Stop, collaborate and listen by allaboutgeorge on Flickr

Stop, collaborate and listen by allaboutgeorge on Flickr

Phil Swann, Si Managing Director writes

One of the interesting features of the current debate about devolution and combined authorities is the interlinking of action to enable economic growth with the next phase of public service reform in the face of continued reductions in public expenditure. This is particularly pressing in relation to education and training.

The skills challenge is high up the list of priorities in every strategic economic plan and local growth deal: up-skilling the existing workforce, tackling the continuing unacceptable levels of young people with no qualifications, and meeting the specific skills needs of local employers.

A lot of attention has been paid to the case for devolving responsibility for allocating skills funding to a local level. That remains an important goal, but there is an equally important task to be done in ensuring that best use is made of the education and training provision that exists locally and getting maximum benefit from any additional investment.
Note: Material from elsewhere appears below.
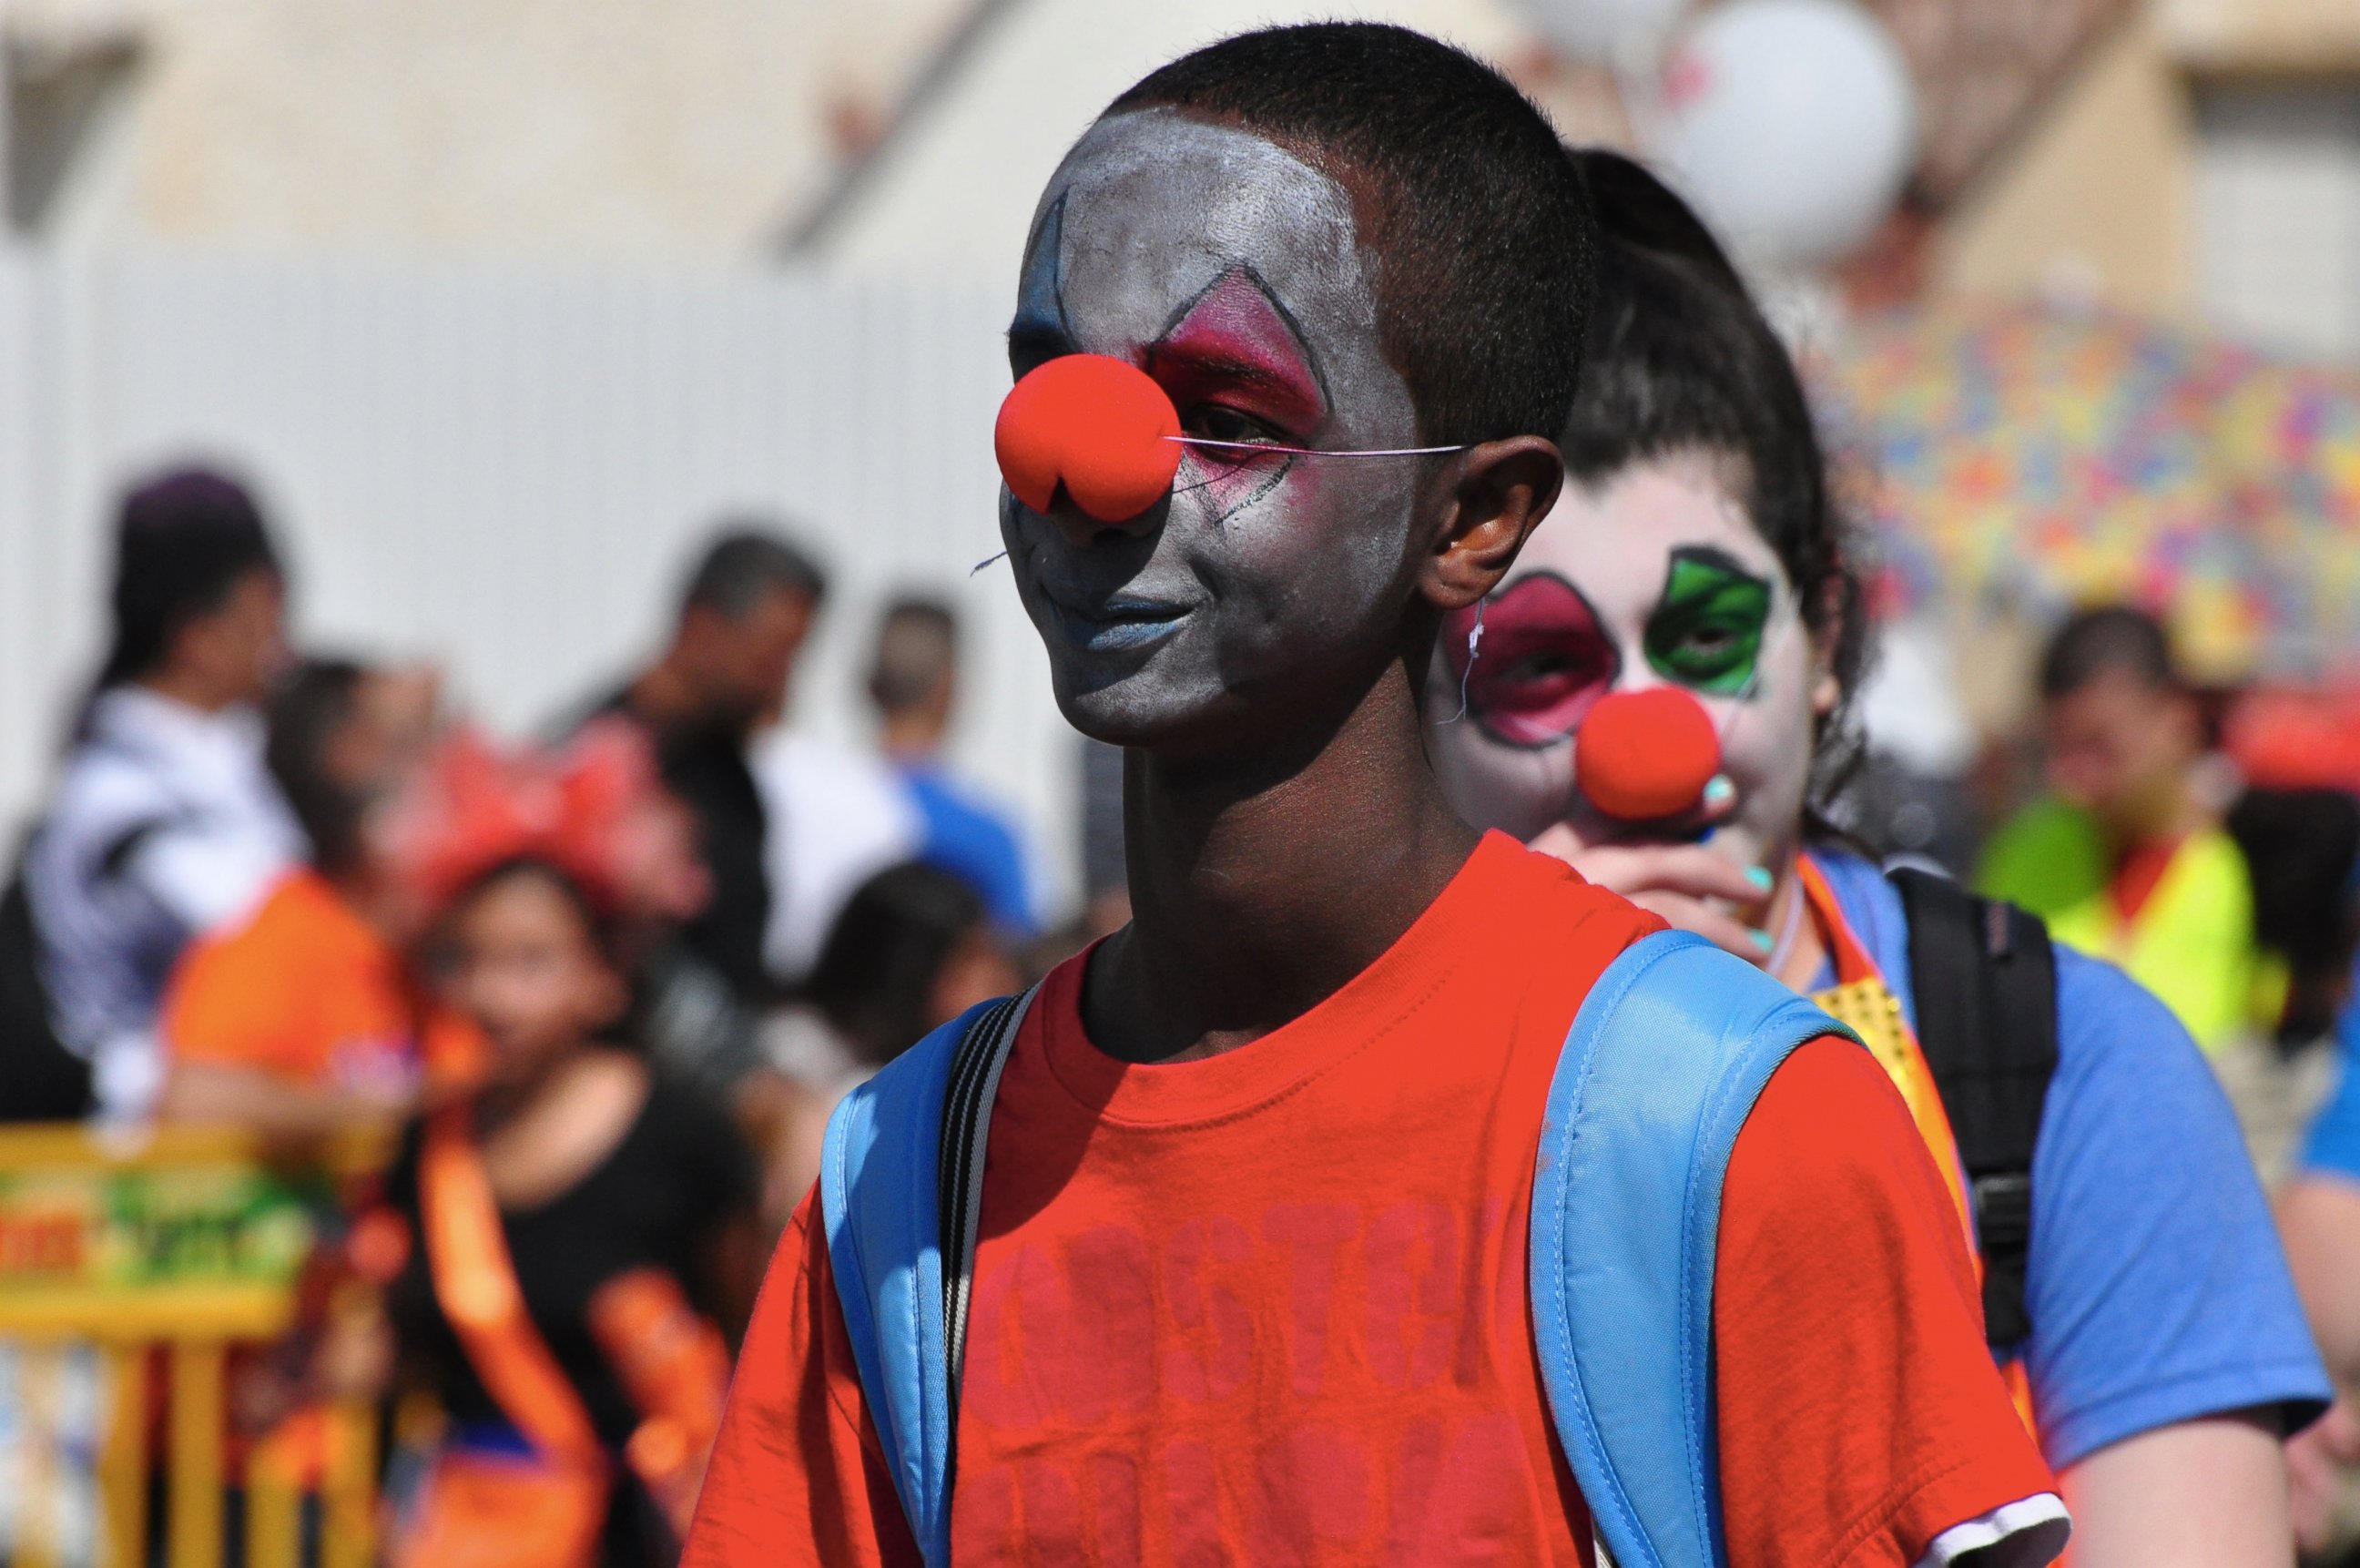 PHOTO: Masked children at the Adloyada, the biggest Purim parade in Israel, are pictured on March 5, 2015 in Holon, Israel.

I am currently working in a city in which significant new investment is being planned in both higher and further education, with little or no thought being given to, for example, the dual use of facilities. In the same area there is a lot of talk about creating centres of excellence across the FE sector in the area to meet the needs of local employers; but there has been very little action. And I know that city is by no means unique.

The current funding mechanisms are based on the premise of competition between providers, making collaboration fearsomely difficult.

It seems to me that there needs to be a shock to the system to break through this inertia. Maybe the Skills Funding Agency has just provided that shock in its announcement of significant cuts in FE and skills funding from the start of the coming academic year – cuts of as much as 24% in non-apprenticeship adult skills budgets.

Cuts of that scale will put the viability of some institutions at risk, making the case for collaboration stronger than ever and more difficult to resist.

I know that some senior civil servants are encouraging LEPs to take the initiative and review FE provision across their area. And it is significant that one of the strands in the recent Greater Manchester devolution deal was to give the combined authority the power to re-shape and restructure FE in the area.

It is important, however, that any LEPs which do decide to grasp this nettle do not confine their attention to FE. The real prize lies in a more integrated approach embracing both FE colleges, and Universities, and schools too.

This matches the extent of integration now being envisaged in health and social care. And, if we are being honest, the potential prize is just as big, as are the financial pressures.

This is an area in which it should be possible to get better for less. We owe it to today’s learners and employers to face up to this. But it will not be easy.